──────── Source material ────────

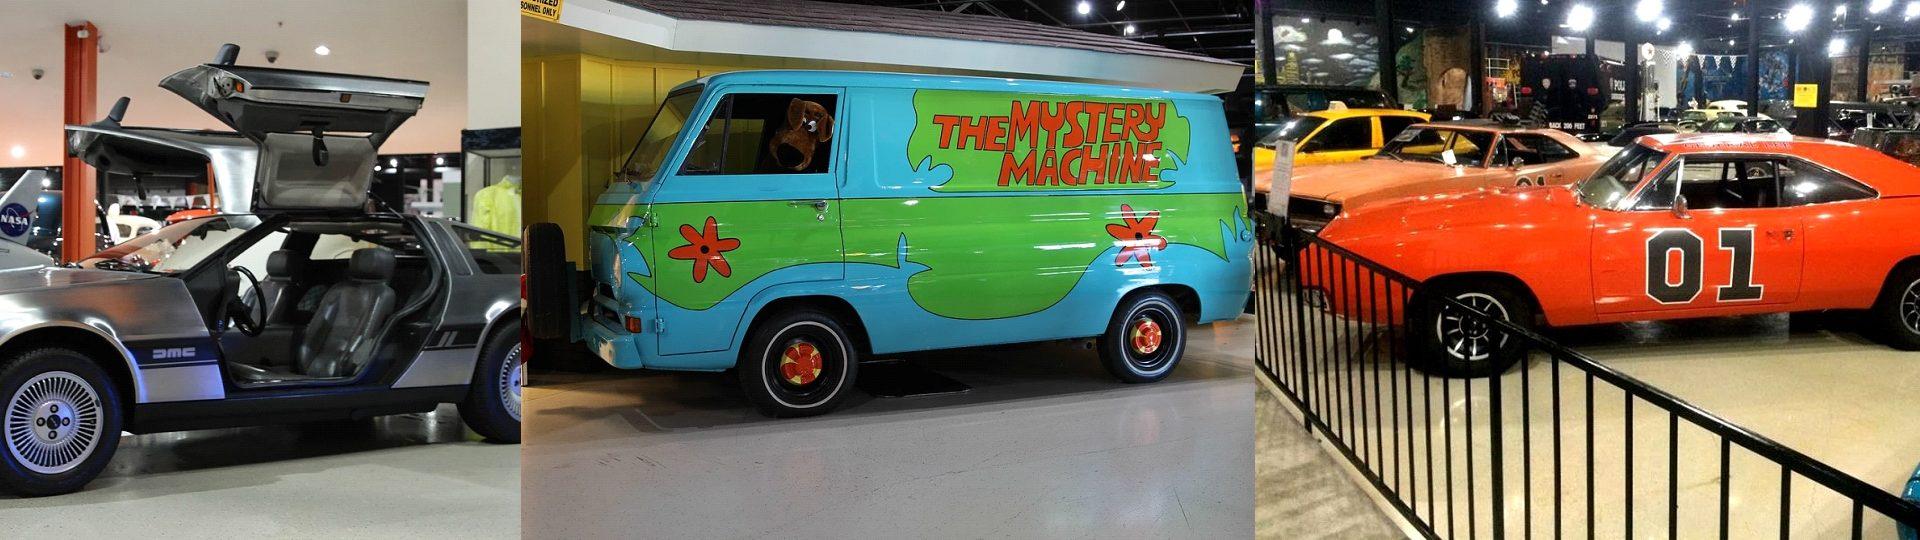 Celebrity Car Museum (Branson) - Call: 1 (800) 504-0115 - Branson ...
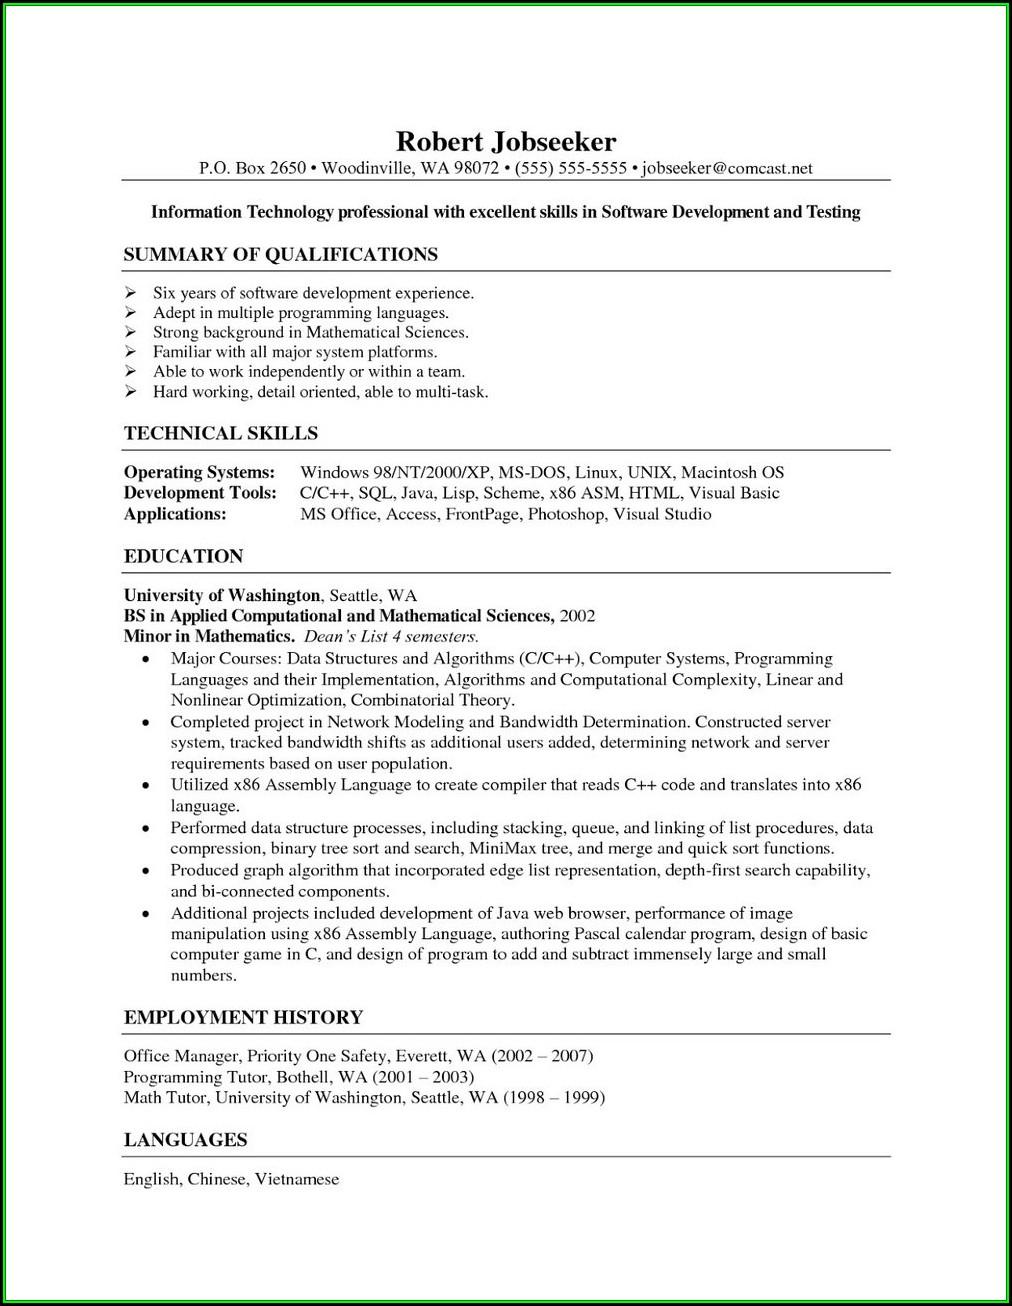 Resume For Entry Level Medical Billing And Coding
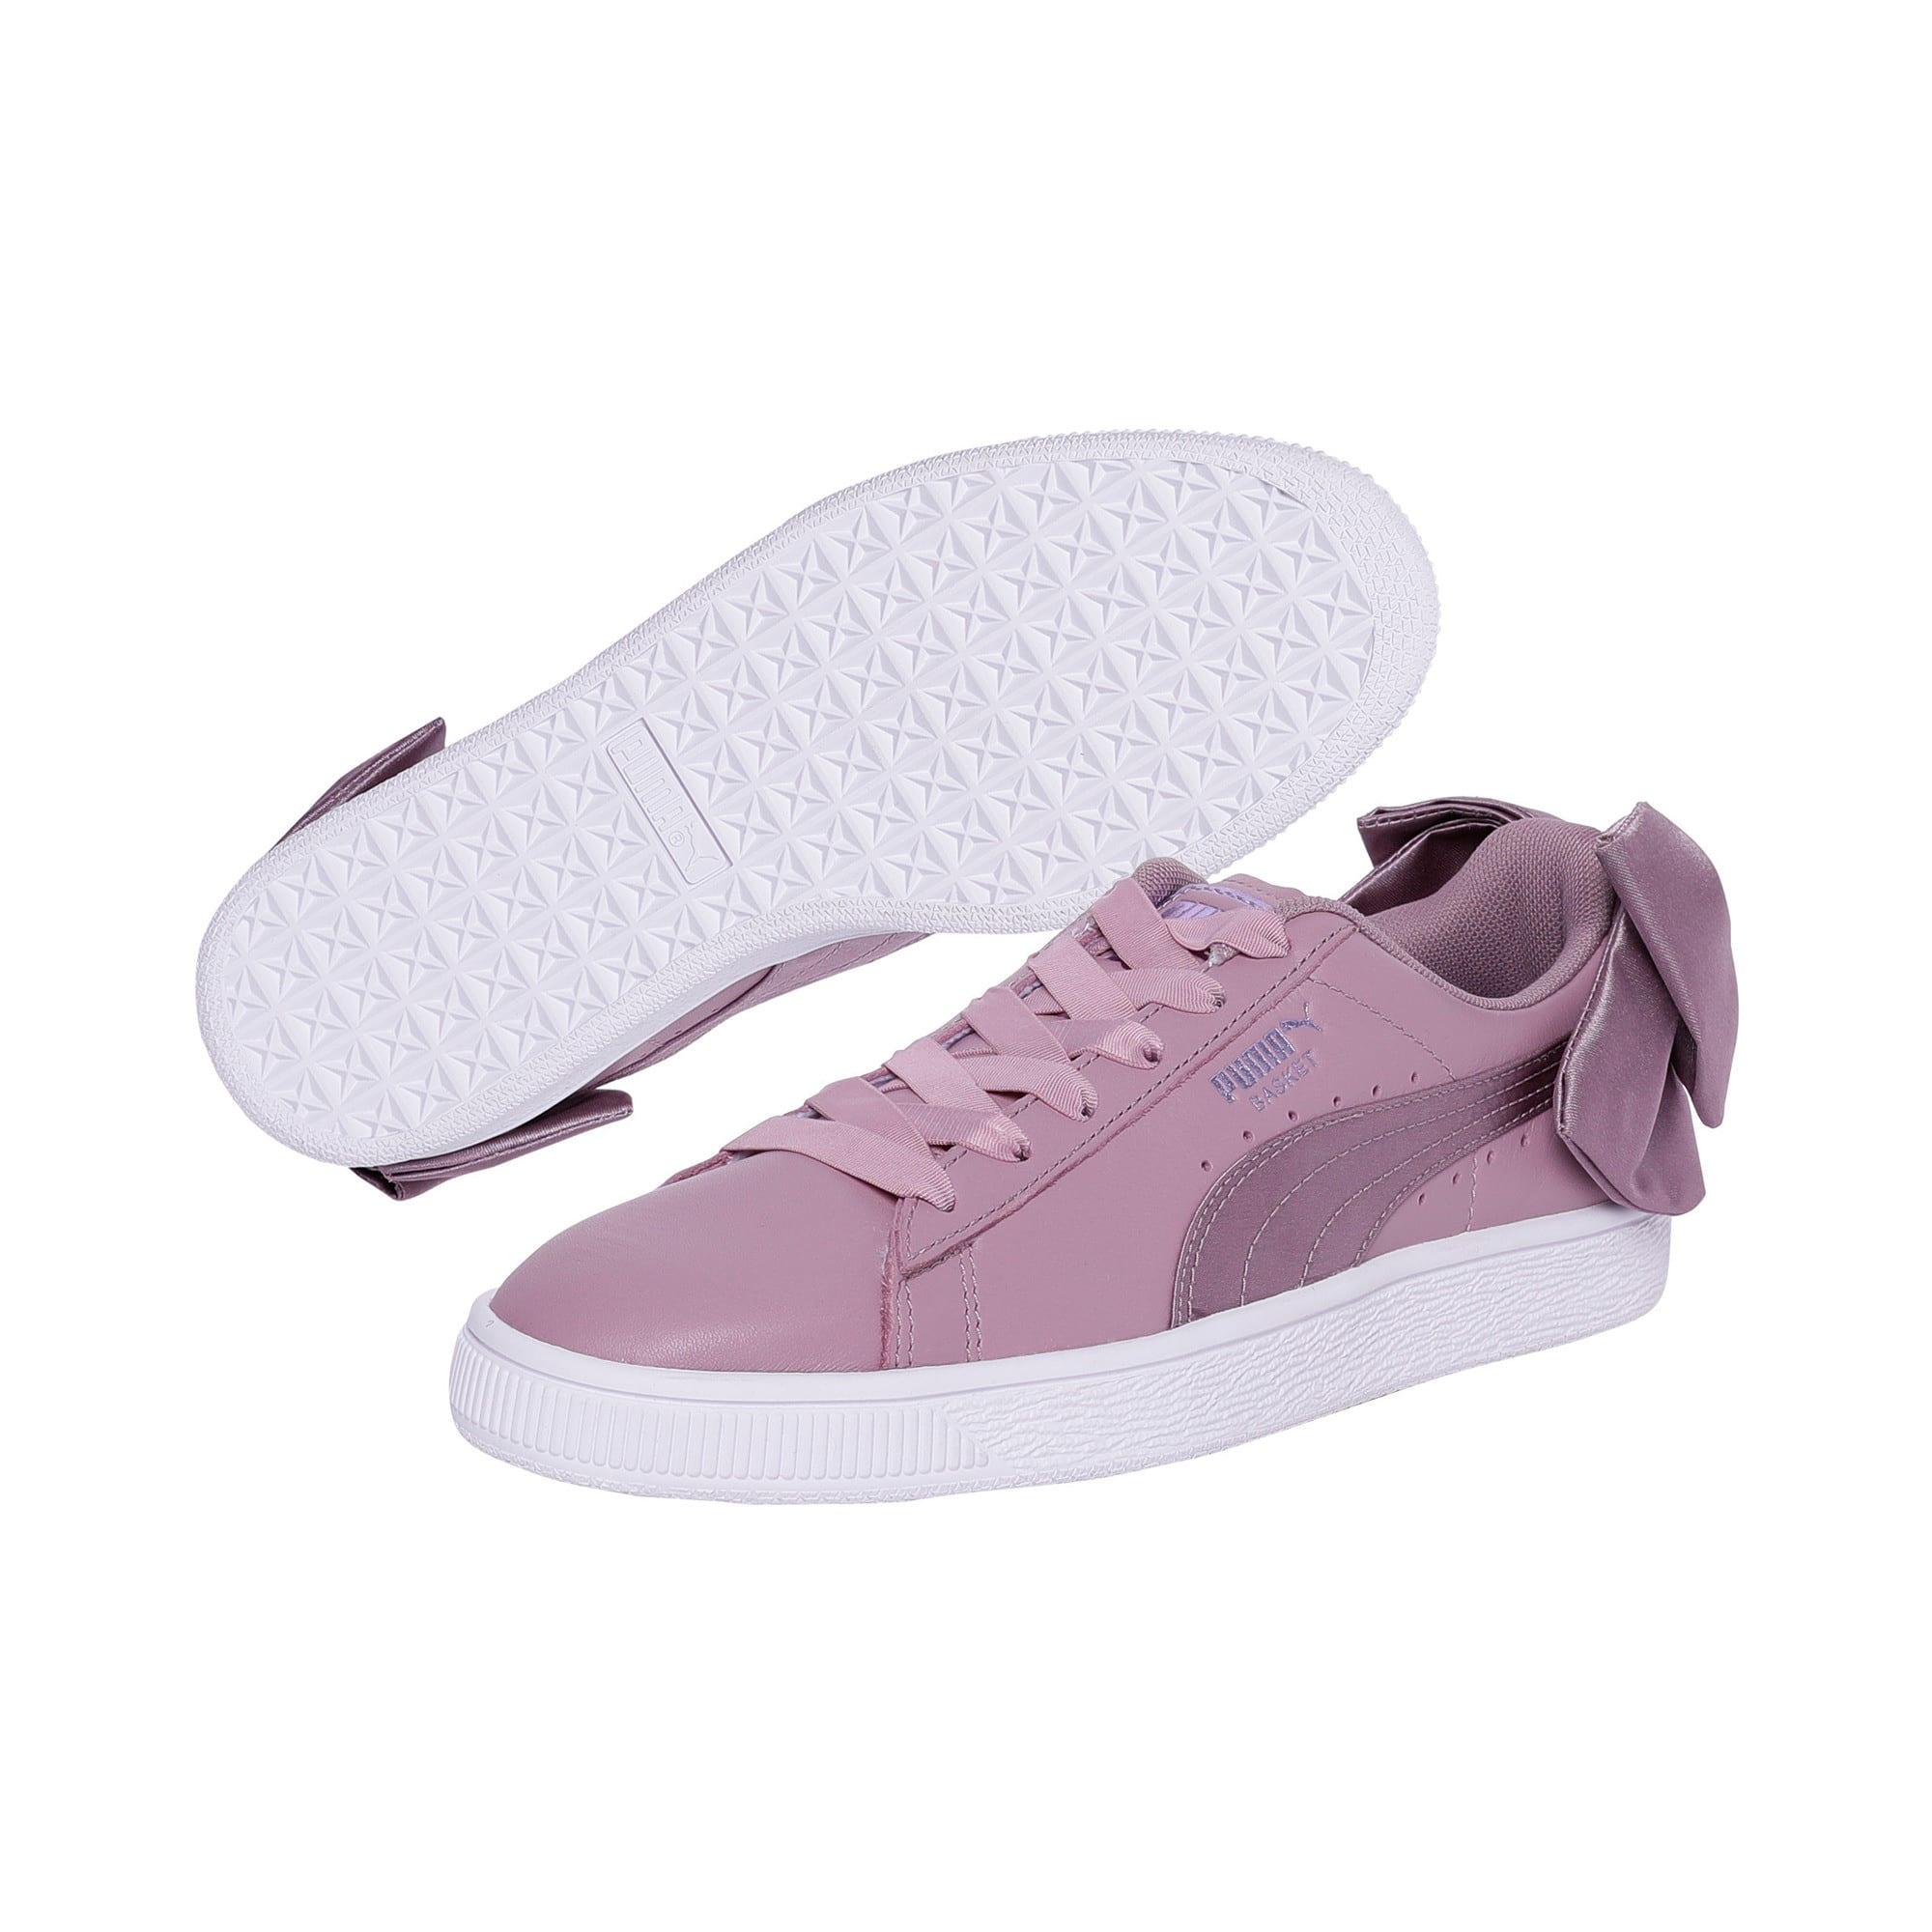 Thumbnail 2 of Basket Women's Bow Satin Sneakers, Elderberry-Puma White, medium-IND

────────

▸ Exercise:
The material above is to be output exactly, with each picture left out.

▸ Result below:
 Celebrity Car Museum (Branson) - Call: 1 (800) 504-0115 - Branson ...
 Resume For Entry Level Medical Billing And Coding
 Thumbnail 2 of Basket Women's Bow Satin Sneakers, Elderberry-Puma White, medium-IND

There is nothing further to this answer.